Chief Boyle appeared to shrivel a trifle in his chair. He hastily set down what was left of his drink and got to his feet, mumbling, “Well, I gotta be going. Can’t be sitting around here all night while there’s work to be done.”

He wandered out, looking thoroughly unhappy, and Gentry frowned after his hulking figure. “What happened to him all of a sudden?”

“MacFarlane is Boyle’s brother-in-law,” Shayne explained. “Among other iniquities, the proprietor of the Rendezvous is strongly suspected of complicity in the counterfeiting.”

“Any other suspects?”

“Plenty-including some of the village’s most prominent citizens.” Shayne grinned cheerfully and finished his drink. “All I have to do is sort out the right one-and stay alive while I’m doing it.”

He got up and stretched, suppressing a yawn. “I’ve got to look up a local man named Ben Edwards. Ever hear of him?”

Will Gentry stood up, shaking his head thoughtfully and negatively. “Should I have heard of him?”

“Damned if I know, Will. He fits in some place. Want to string along while I find him?”

“I guess not.” Gentry laid his hand on the detective’s arm. “About your information on the Martin killing-are you sure you don’t want to come across?”

“I can’t, Will. Not yet.”

“Don’t frame up anything while I’m waiting for it,” Gentry warned him steadily.

Shayne laughed aloud and slapped him on the back. “I’ll give it to you as soon as I know where I stand.”

They went out together and Shayne locked the door. Gentry went down in the elevator with him, and as they stepped into the lobby, Shayne nudged his stolid companion and whispered loudly, “Don’t look now, but do you see what I see?”

Gentry blinked at Hymie and Melvin sitting on the bench where Shayne had left them. Melvin dropped his lashes before Gentry’s hard gaze, but Hymie stared back blankly.

Shayne laughed again and took Gentry’s arm, led him past the two Miami hoodlums. “Don’t jump them,” he urged. “I want to see what they’re up to. You might get Boyle to put a tail on them, though.”

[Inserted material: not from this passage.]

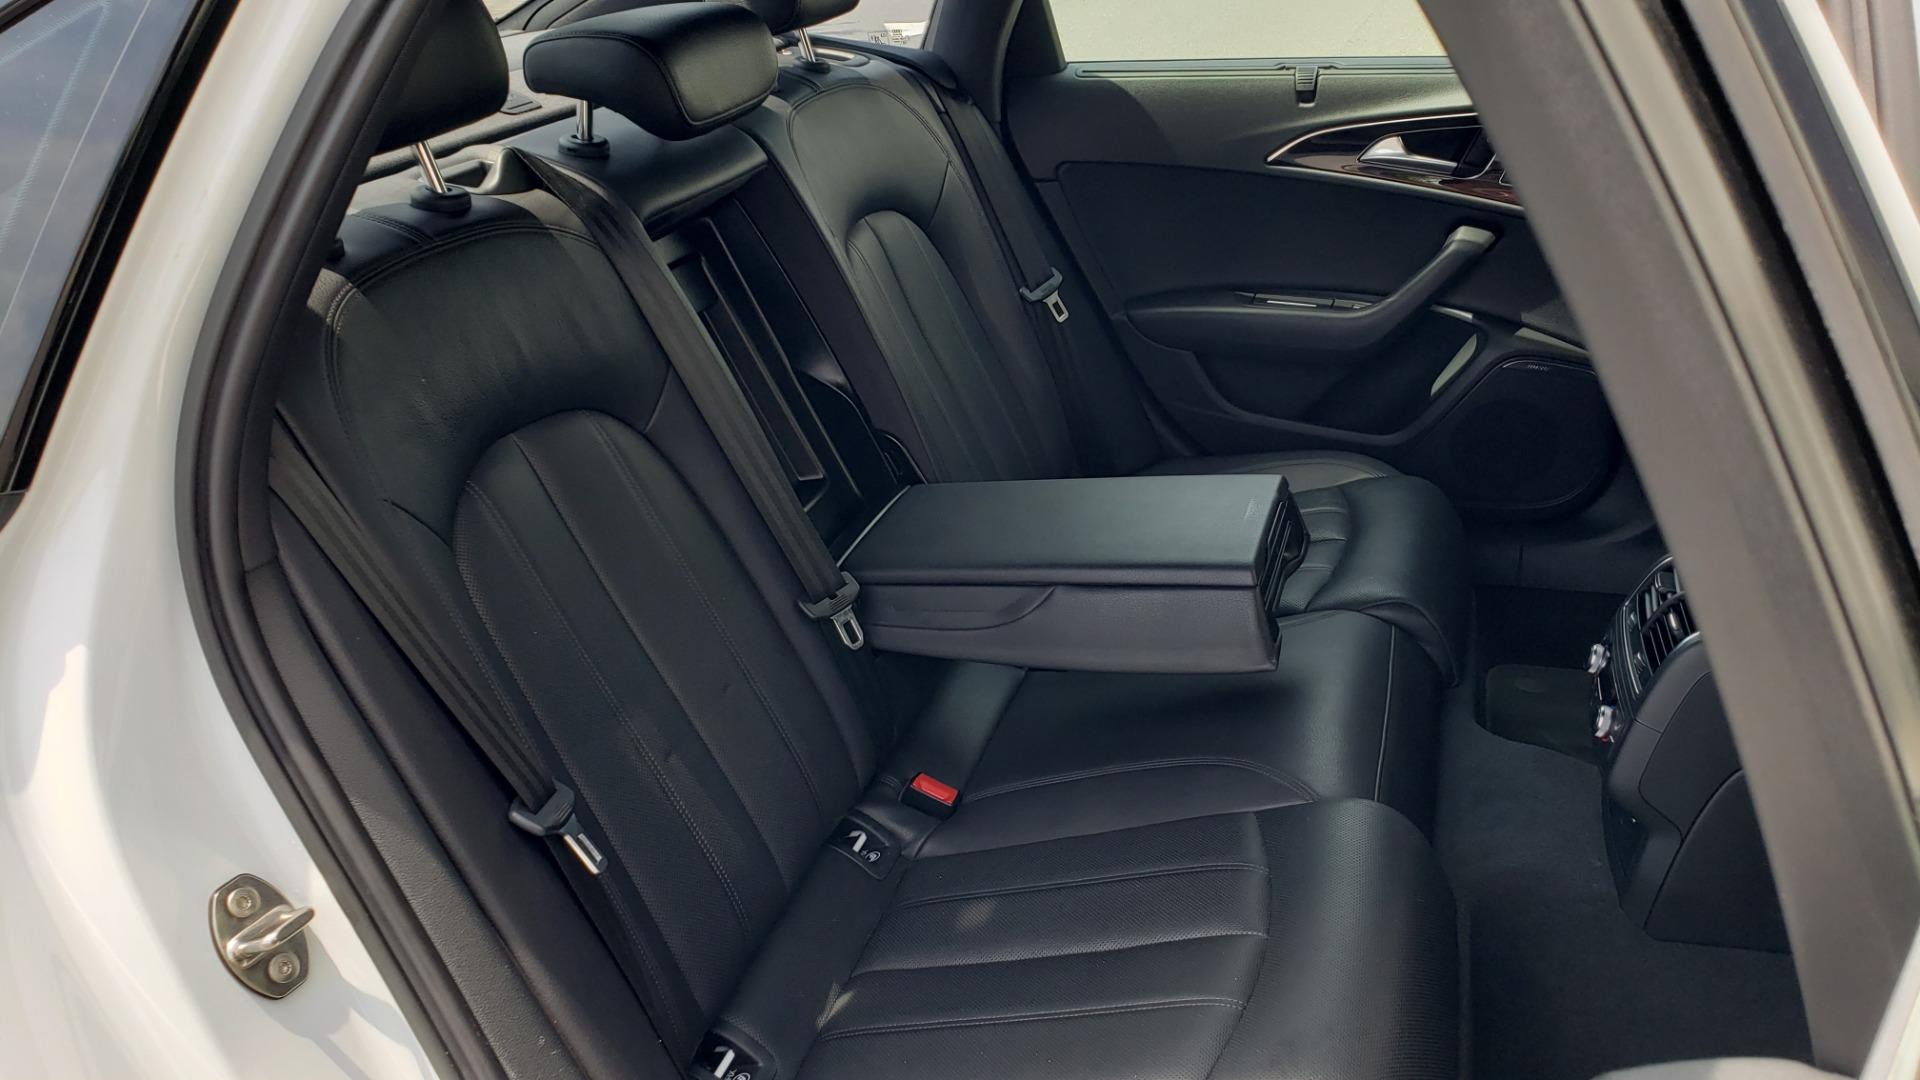 Used 2017 Audi A6 PRESTIGE SEDAN 3.0T / NAV / SUNROOF / BLACK OPTIC / CLD WTHR / REARVIEW for sale $30,797 at Formula Imports in Charlotte NC 28227 75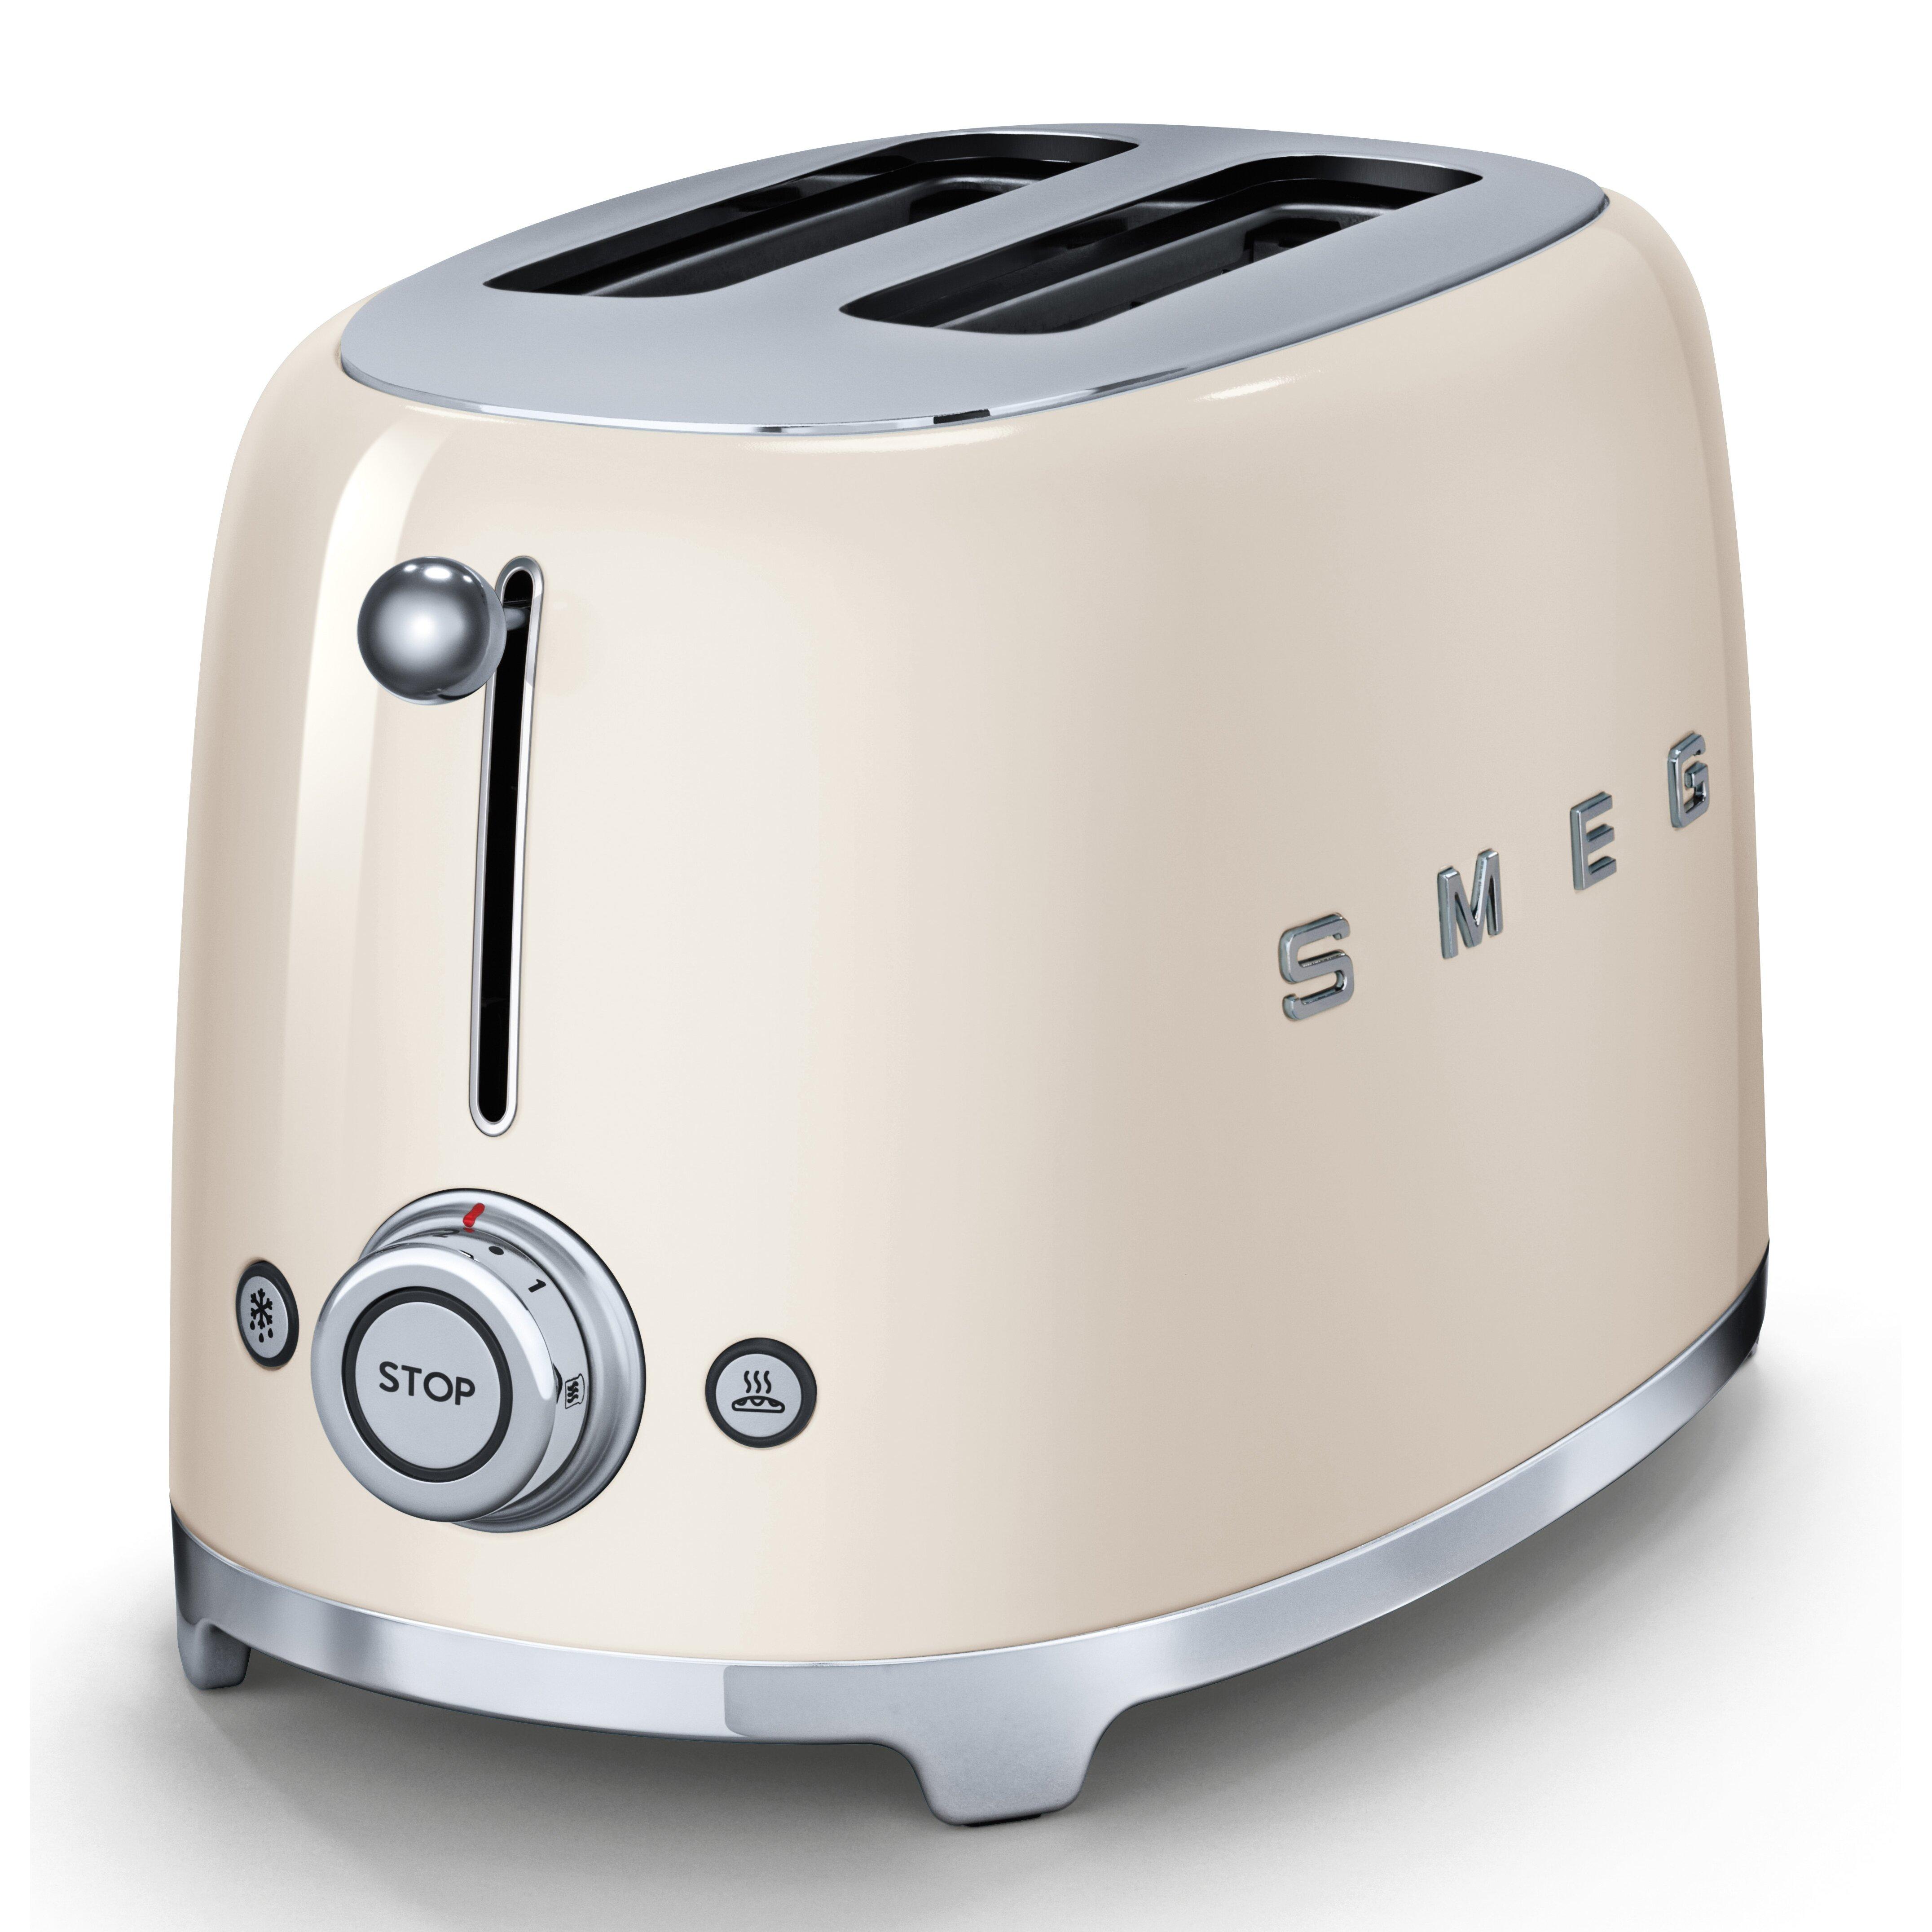 Uncategorized 50s Style Kitchen Appliances smeg 50s style 2 slice toaster reviews wayfair kitchen wayfair

“I’ll see if it can be arranged,” Gentry promised, and Shayne went out to the street.

Chapter Ten: NO ACCIDENT

The hotel doorman gave Shayne precise directions for finding Ben Edwards’s house. It was an unimpressive frame structure on a wide corner lot two blocks from the ocean.

Shayne shut off his motor and sat slouched behind the wheel for a moment. Two front windows showed light behind drawn shades.

He swung his long body out to the sidewalk and opened a wire gate on a neatly painted picket fence. The lawn was smooth and freshly mown, and there was not much shrubbery, the net effect giving an atmosphere of quiet dignity to the small house.